A: ‘police’ is positively associated with ‘violent_ crime’ with a strong association along a linear trend. One state with a high ‘police’ also has a high ‘violent_crime’, and is considered an outlier.
There is one outlier in the plot and the larger values of ‘police’ tend to be asociated with higher level of ‘violent_crime’. Since the points are scattered widely around any straight line with a strong influence from the outlier, the ‘police’ appears to have a weak positive linear association with ‘violent_crime’.
# make your scatterplot for 9) here
plot(criminal_justice$judicial, criminal_justice$violent_crime,
#xlim=c(0,1000), ylim=c(0,500),
xlab="judicial", ylab="violent_crime",
main="The relationship between judicial and violent_crime")
#abline(lm(criminal_justice$judicial~criminal_justice$violent_crime), col="red")
# regression line (y~x)
A: The strength of the association between ‘violent_ crime’ and ‘judicial’ in the plot is worse than the original plot. The ‘judicial’ appears to have a weak positive linear association with the ‘violent_crime’ and there are also some outliners in the plot.
# make your scatterplot for 8) and 10) here
plot(criminal_justice$police,criminal_justice$violent_crime,
xlab="police", ylab="violent_crime",
main="The relationship between police and violent_crime")
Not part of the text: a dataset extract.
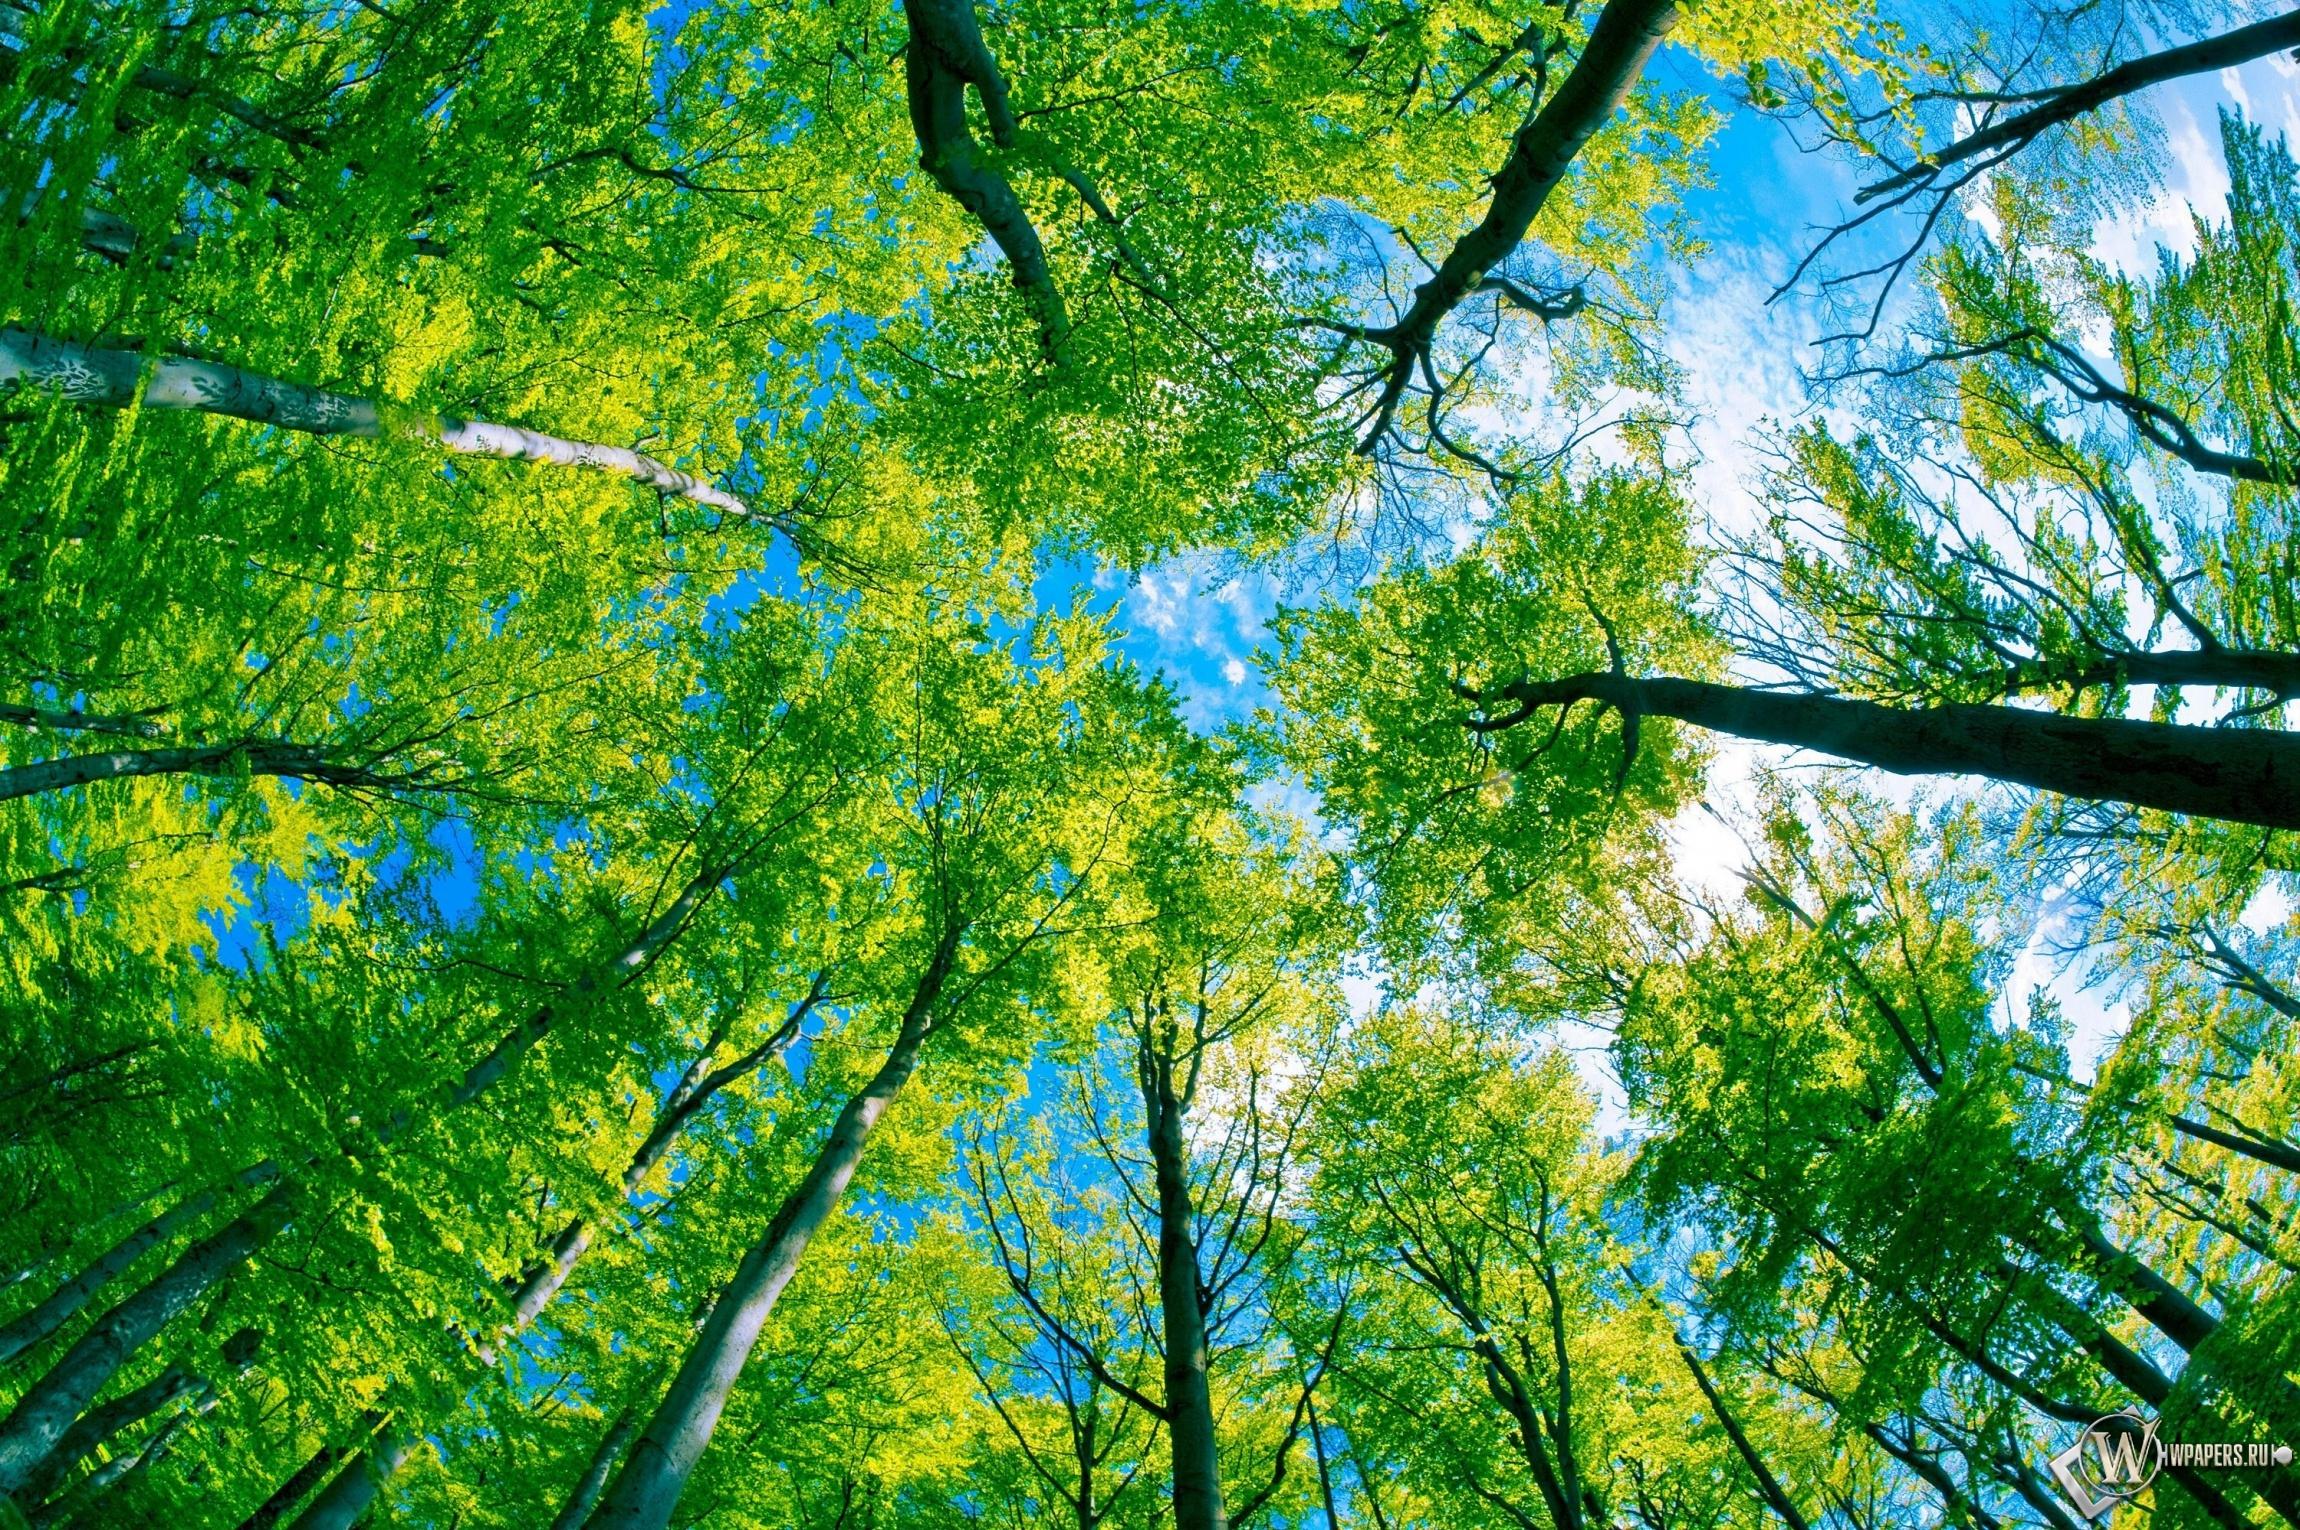 Под деревьями 2300x1530

model<-lm(criminal_justice$violent_crime~criminal_justice$police)
# regression line (y~x)
abline(model, col="red")
# summary model
model
##
## Call:
## lm(formula = criminal_justice$violent_crime ~ criminal_justice$police)
##
## Coefficients:
## (Intercept) criminal_justice$police
## 217.237 0.999
model$coefficients[[2]]*100+model$coefficients[[1]]
## [1] 317.2
A: The regression line is shown as a red line in the plot. From the output of the linear model ‘model’, The number corresponding to the y-intercept is 217.2368. The slope is 0.9994. Thus, the regression line for the relationship between violent_crime and police is y = 217.2368 + 0.9994*x If there is only 100 per capita on police, the predicted violent_crime will be 317.175 This prediction quite makes sense in my opinion. According to the raw data’s trend and the regression line, for the ‘police’ values around 100, the violent_crime could be vary from 100 to 400.
nrow( criminal_justice )
## [1] 51
crim = subset( criminal_justice, police < 1000 )
nrow( crim )
## [1] 50
# reproduce your scatterplot from 9) here, add the new line with a different color.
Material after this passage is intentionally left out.